What exactly passed between them he would not say, but it appeared there was an argument following which, perhaps to spite him, Miss Hector began spending much time with Dr. Eierkopf. She even exchanged her post as tape-librarian to work as some sort of technician on the Cum Laude Project, for which she professed great admiration now that (as she implied to Max) she was privy to its secret details. All Max ever saw her do was steer his colleague's wheelchair along the corridors and campus paths; despite his own frailness, he declared to me, and his contempt for the Siegfrieder ideal for blue-eyed athleticism, the contrast between Virginia Hector's proud form and the feeble bloat of Eierkopf sickened his spirit.
"A pretty Moishian girl, you know, Georgie, you think of a dark hall and heavy wine, and myrrh and frankincense; but this Shiksa, she reminded you of bright day-times — almost you could smell sunshine on her! I didn't want her for myself, not even if I wasn't old and bony; I wanted she should marry some buck of a northern forester, you know? Or a strapping young iceberg-research man with gold hair on his chest yet. It wasn't she was a goy ; it was she was so pretty in the goy way, instead of some other way."
This new feature of my keeper's life interested me considerably. I asked him whether the woman had married Eblis Eierkopf then. Max's face darkened; he shook his head. "You heard the reasons why I was fired from New Tammany — all but this one, that happened at the end. One day just after I made my last speech in the Senate, comes a message from Chancellor Hector himself, he wants to see me right away. The Security people take me up in a private elevator to his offices, and next thing before I can tell him hello, this Virginia runs in, all crying tears, and throws her arms around me; and she says, 'It don't matter! It don't matter!' So I ask her daddy, that's biting on his cigar by the window, 'What don't matter?' And he spits the end out and never once looks at me.

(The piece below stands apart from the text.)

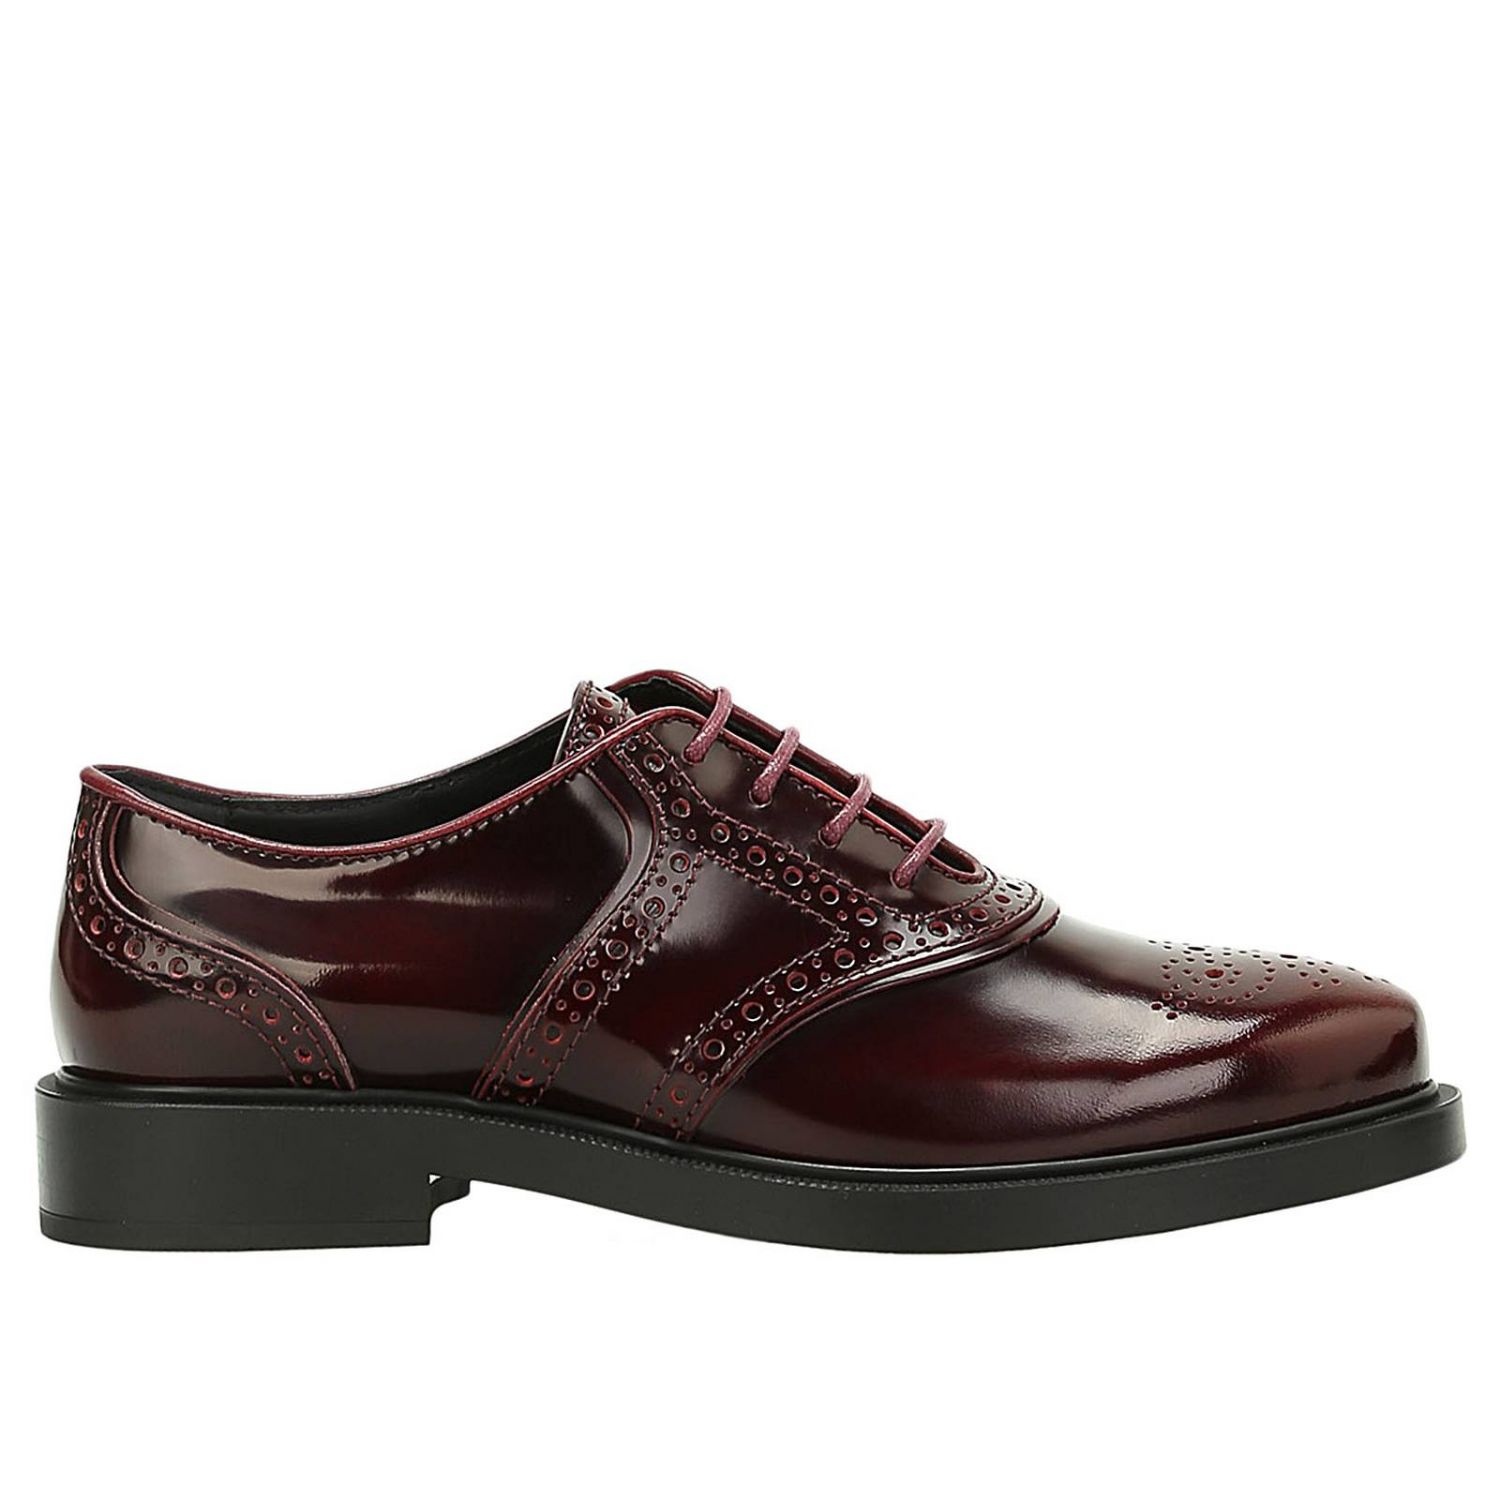 Shoes women Tod's | Brogues Tods Women Burgundy | Brogues Tods ...
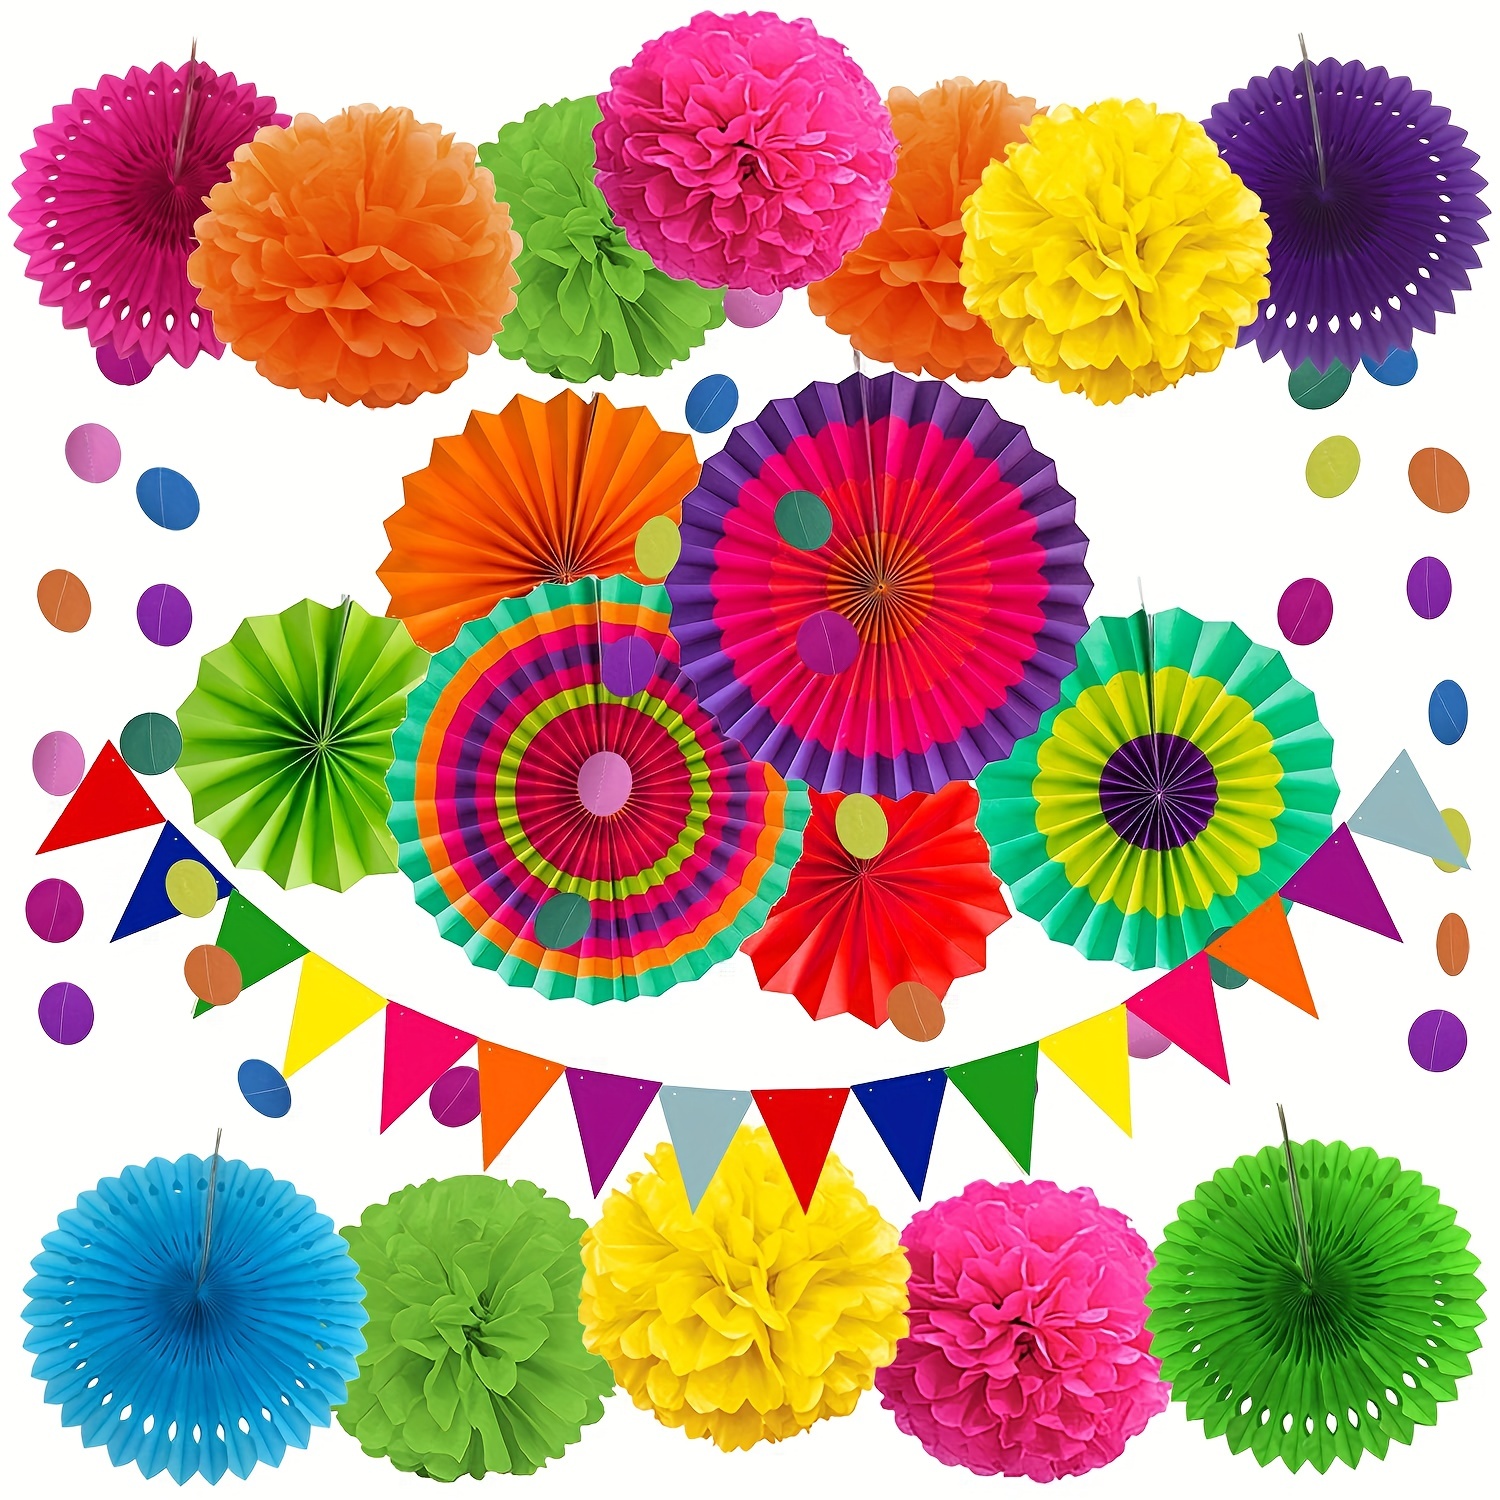 

20-piece Colorful Fiesta Paper Fan & Tissue Paper Pom Pom Set - Perfect For Birthday, Wedding, Fiesta, Or Mexican Party Decorations! Easter Gift

But 'All right, Spielman,' he says: 'I know when I been out-generaled.' He was the big general in the Second Riot, you know, before he ran for Chancellor."
The occasion of the summons, it developed, was that Miss Hector had found herself with child and declared Max responsible! Even there in the barn, almost two decades later, my keeper's voice grew incredulous as he spoke of it: horror enough that she had submitted to the repulsive, to the despicable Eierkopf (by what clever means the cripple had managed seduction and mating, Max shuddered to wonder) — more bitter yet to hang her shame on the man who'd tried in vain to shield her! Heartsick, he challenged her to confess that Eierkopf, not himself, had been her undoer — or else some third party with whom she had secretly consorted. Miss Hector, never once looking him in the eye, only repeated her accusation; it was true, she said, that Professor Eierkopf's passion for his work had led him past propriety's bounds to the suggestion that she put by modesty for science's sake and lend herself to certain experimental possibilities of the Cum Laude Project ("I knew! I knew!" Max had shouted at the Chancellor. "Oh boy, won't I wring his pig's neck once!"); but she had never acquiesced. As for intimacies with the crippled scientist himself, she was prepared to swear on a stack of Old Syllabi that there had been none, nor had any been proposed; she professed to be nauseated at the thought. Max then had declared, almost a-swoon, it was not the thought she paled at but recollection of the deed, and appall at what thing it had got in her.
"Why did she blame you?" I asked him — and was told that in human studentdom such false charges on the part of desperate women were not uncommon.
"She'd… been with Eblis Eierkopf, you know — " He said the word with difficulty, and his use of it, clearly in the Chickian sense, compounded a certain perplexity of mine: I had come to think that Lady Creamhair, on the occasion of that fiasco in the hemlocks, had not understood my honest intention to be (an activity for which G. Herrold had a host of other names); but if the term was after all common parlance, as Max's use of it suggested, then her initial encouragement and subsequent wild rebuff of my advances were not yet clear. The memory made me sweat; another time I should have asked Max to gloss his term, but he'd gone on with the story. "- she must have been with him: you don't get pregnant filing tape-reels! Then he wouldn't do the right thing by her, and she thought to herself, 'That old Spielman, I'll say it was his fault, he'll be glad enough to marry me no matter what, and once the baby's born I can do what I please.' You haven't read much but the old epics yet, Georgie, or you'd know how it is with old men and young women."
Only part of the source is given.